Ohio Supreme Court refuses to hear Noe's appeal

6/9/2010
BY JIM PROVANCE
BLADE COLUMBUS BUREAU CHIEF

COLUMBUS - Tom Noe's hopes of getting out of prison any time soon were dashed Wednesday when the Ohio Supreme Court opted not to hear his appeal of his theft and corruption convictions.

But the court fight isn't likely to end there.

Without comment, the high court ruled against the former chairman of the Lucas County Republican Party, who had argued that he didn't receive a fair trial in his home county in the wake of a scandal that had political ramifications statewide.

His state appeals now exhausted, Noe will pin his hopes on federal court.

"The denial was obviously one of two outcomes that could have happened," said his Toledo attorney, Rick Kerger. "We know what the plan has been. We planned to go to federal habeas corpus."

Noe is serving his second year of an 18-year sentence for his 2006 jury conviction on 29 charges of corruption, theft, money laundering, and tampering with records. The Toledo-based 6th District Court of Appeals upheld his convictions on Dec. 31, and Wednesday's high-court ruling leaves that decision intact.

Among other things, Noe argued that he couldn't get a fair trial because of extensive pretrial publicity. The trial court had refused to grant him a change of venue.

The Blade first reported in April, 2005 on Noe's $50 million state rare-coin investment deal, triggering a multiyear state probe that uncovered massive corruption in the Ohio Bureau of Workers' Compensation and led to charges against more than 20 public officials and money managers.

With Noe's political connections stretching from the Governor's residence to the White House, the scandal was credited as one reason that Ohio voters swept Republicans from every statewide elected office save one a year later.

All of the justices who considered the case refused to hear the appeal based on nine of the 11 grounds Noe had raised.

The vote was 4-1 against hearing the appeal specifically on Noe's pretrial publicity argument.
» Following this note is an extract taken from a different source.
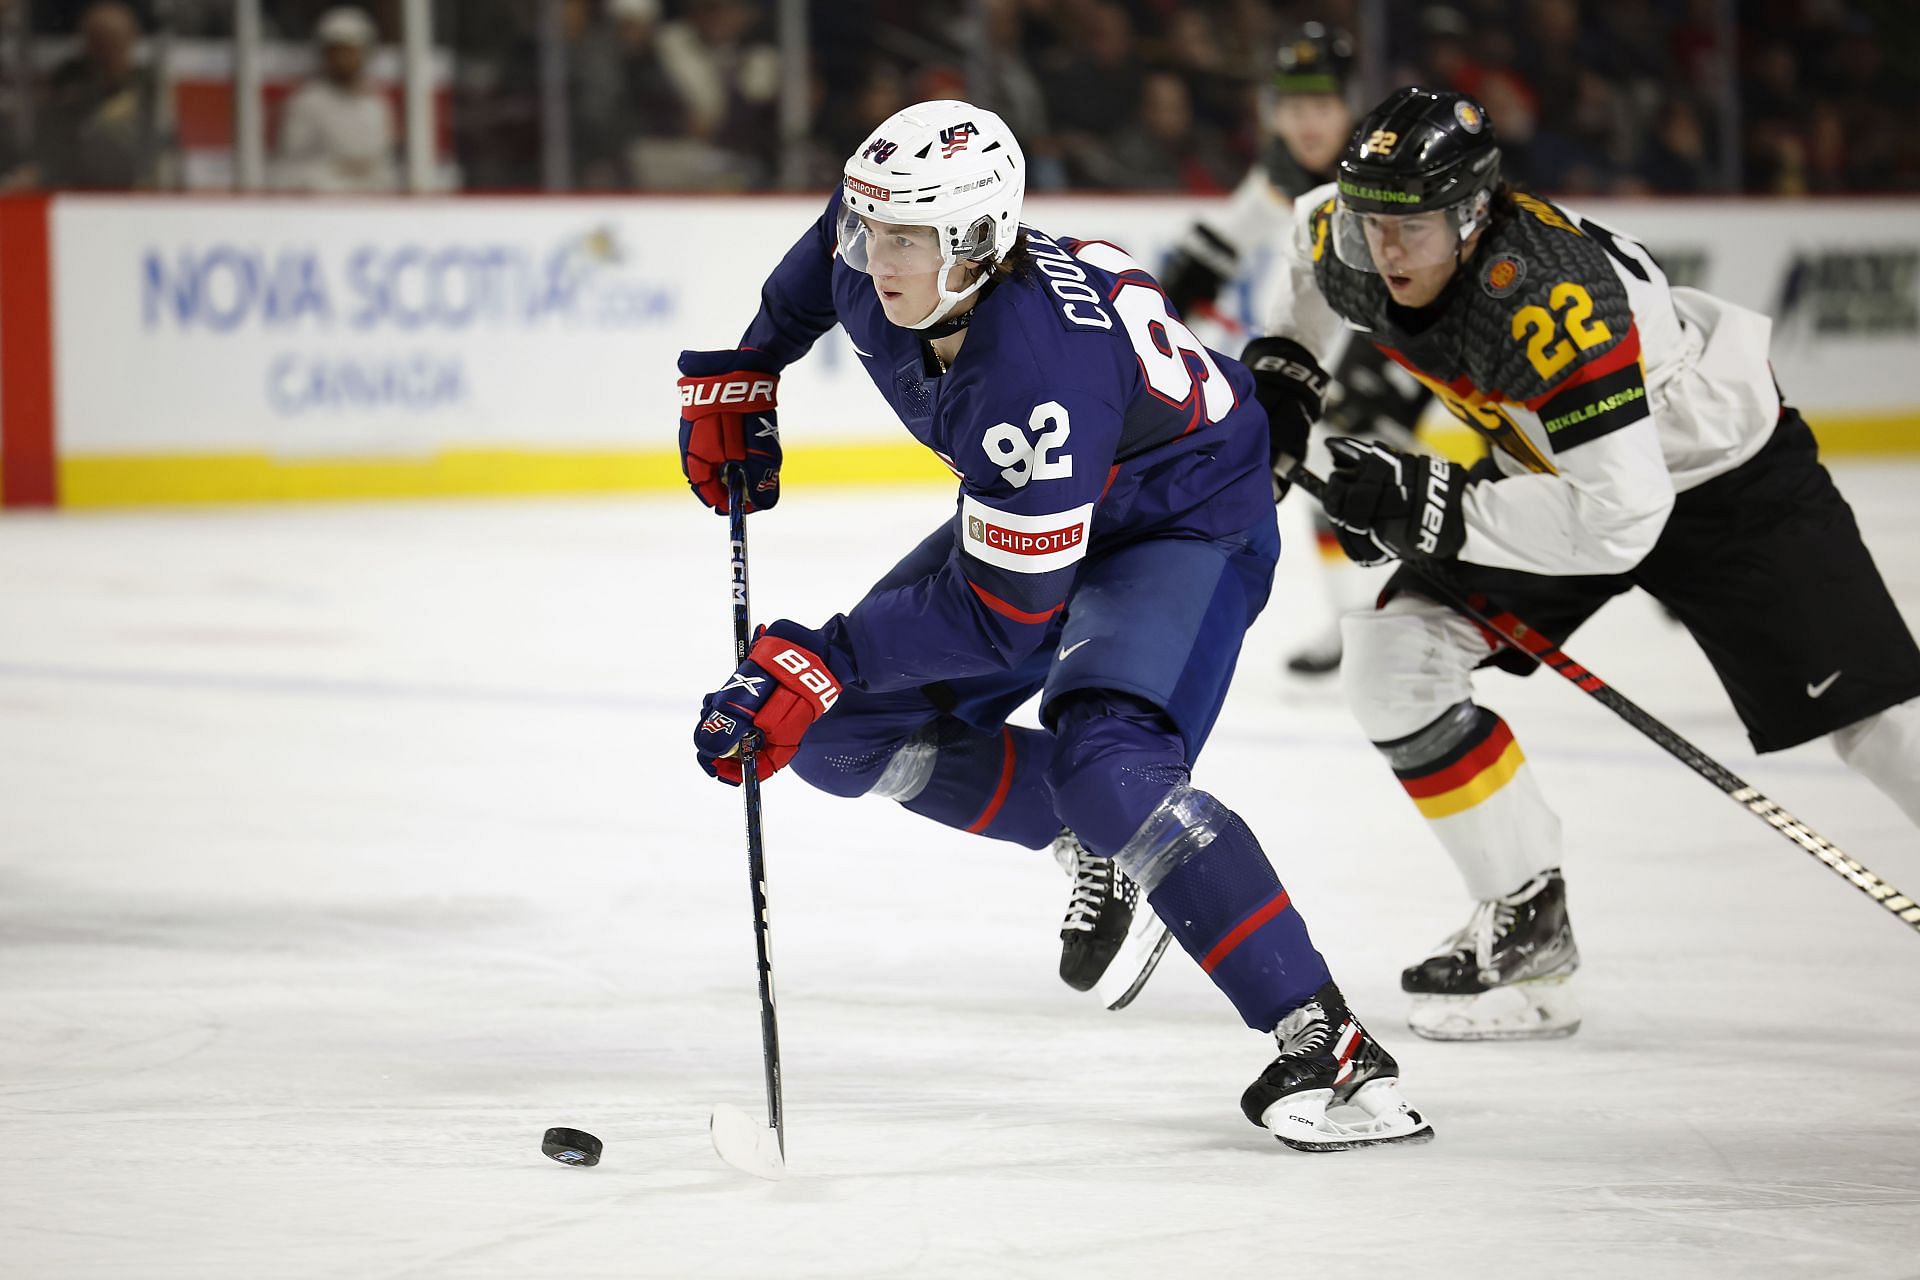 Logan Cooley #92 of Team USA skates the puck ahead of Philipp Bidoul #22 of Team Germany in the second period in a quarterfinal game of the 2023 IIHF World Junior Championship at Avenir Centre on January 2, 2023 in Moncton, Canada. (Photo by Dale Preston/Getty Images)

Justices Evelyn Lundberg Stratton, Paul Pfeifer, and Robert Cupp, all Republicans, and Chief Justice Eric Brown, the court's sole Democrat, voted "no.'' Justice Terrence O'Donnell cast the dissenting vote.

The court also voted 4-1 not to hear the case based on Noe's argument that the trial court relied on an unconstitutional law when it gave him a sentence beyond the statutory minimum. Chief Justice Brown was the dissenting vote on this argument.

Justices Maureen O'Connor and Judith Lanzinger, both of whom are on the ballot this year, did not participate in the case. Noe or his then wife, Bernadette, had contributed to the campaigns of both in the past and had served as campaign manager for Justice Lanzinger, a fellow Toledoan, in 2004.

Mr. Kerger said he wondered if the decision not to hear the appeal might have been different if district appeals court judges had been appointed to consider the case in the place of the two recused justices.

The court also refused to hear a cross appeal from the county prosecutor's office.

Noe is incarcerated at Hocking Correctional Facility in southern Ohio. He had previously completed a federal sentence in his conviction of using others to launder illegal campaign contributions to the 2004 re-election campaign of President George W. Bush.